Task details:
An exact copy of the entries is needed, with every picture left out.

Input data:
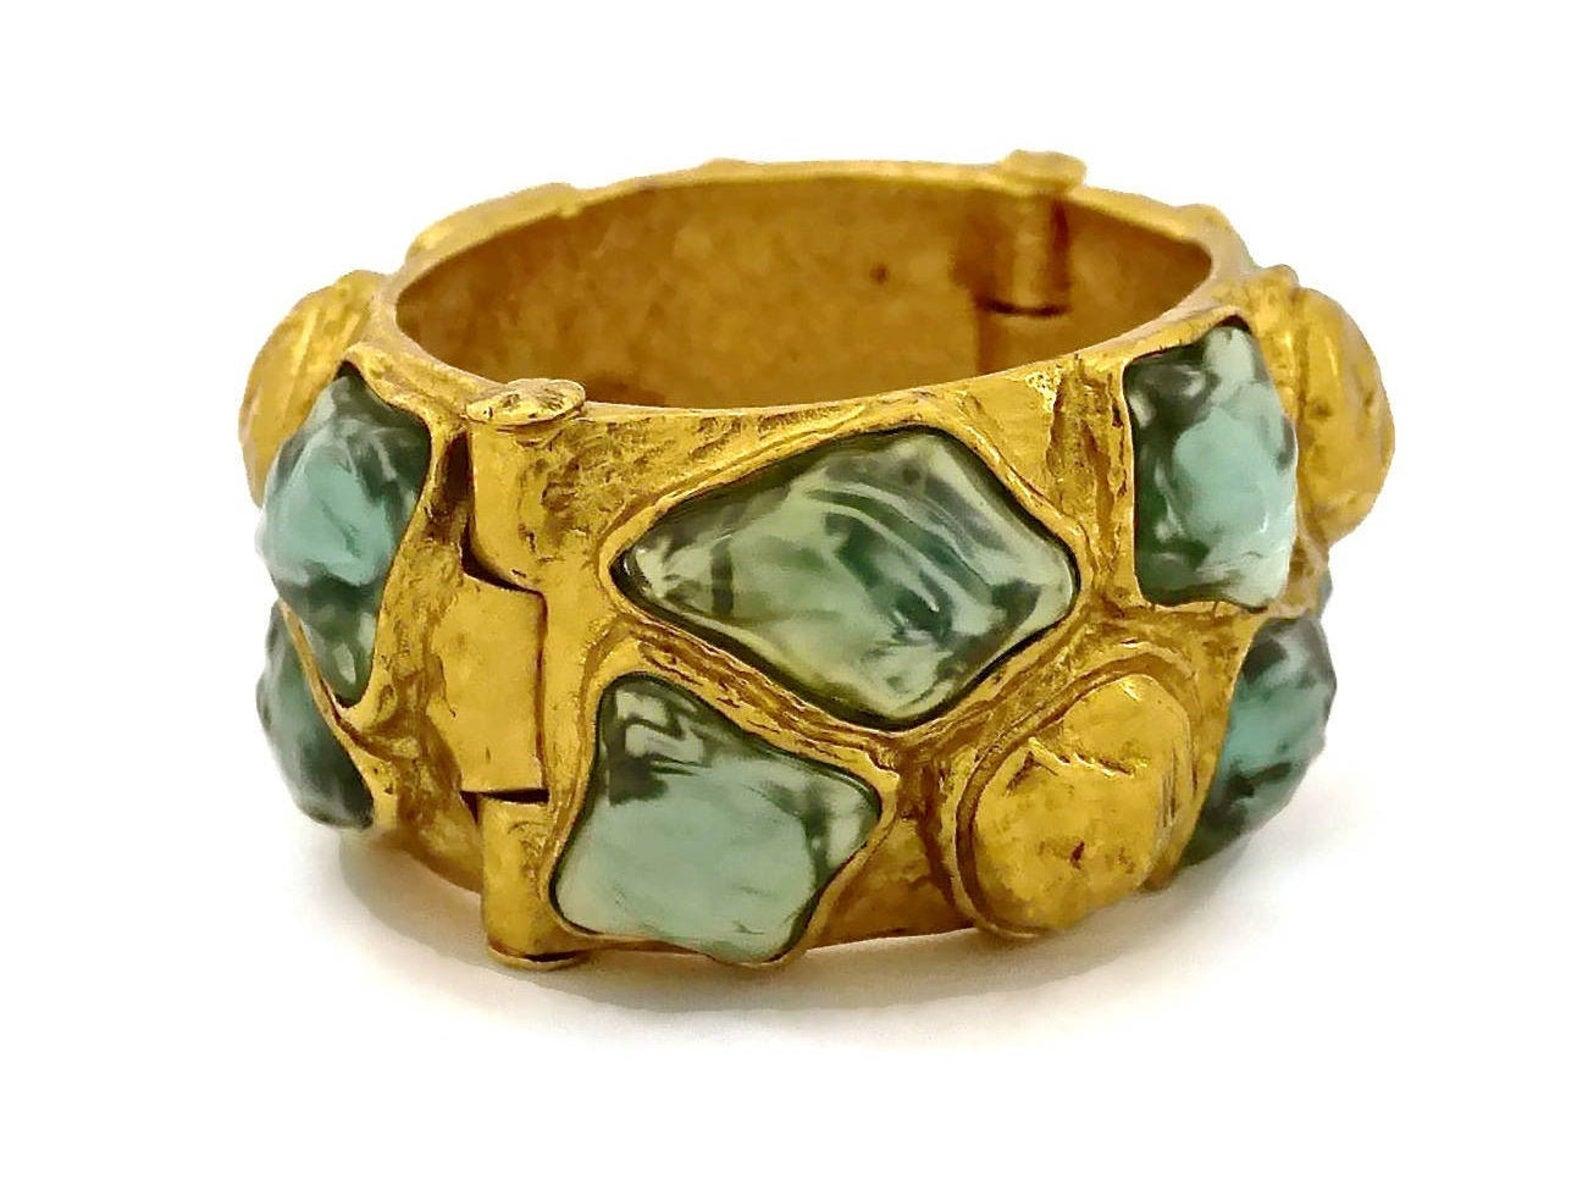 Vintage YVES SAINT LAURENT Ysl by Robert Goossens Cabochon Studded Cuff Bracelet

Measurements:
Height: 1.38 inches (3.5 cm)
Circumference: 6.45 inches (16.5 cm)
Thickness: 0.55 inch (1.4 cm)

Features:
- 100% Authentic YVES SAINT LAURENT by Robert

Result of this exercise:
 Vintage YVES SAINT LAURENT Ysl by Robert Goossens Cabochon Studded Cuff Bracelet

Measurements:
Height: 1.38 inches (3.5 cm)
Circumference: 6.45 inches (16.5 cm)
Thickness: 0.55 inch (1.4 cm)

Features:
- 100% Authentic YVES SAINT LAURENT by Robert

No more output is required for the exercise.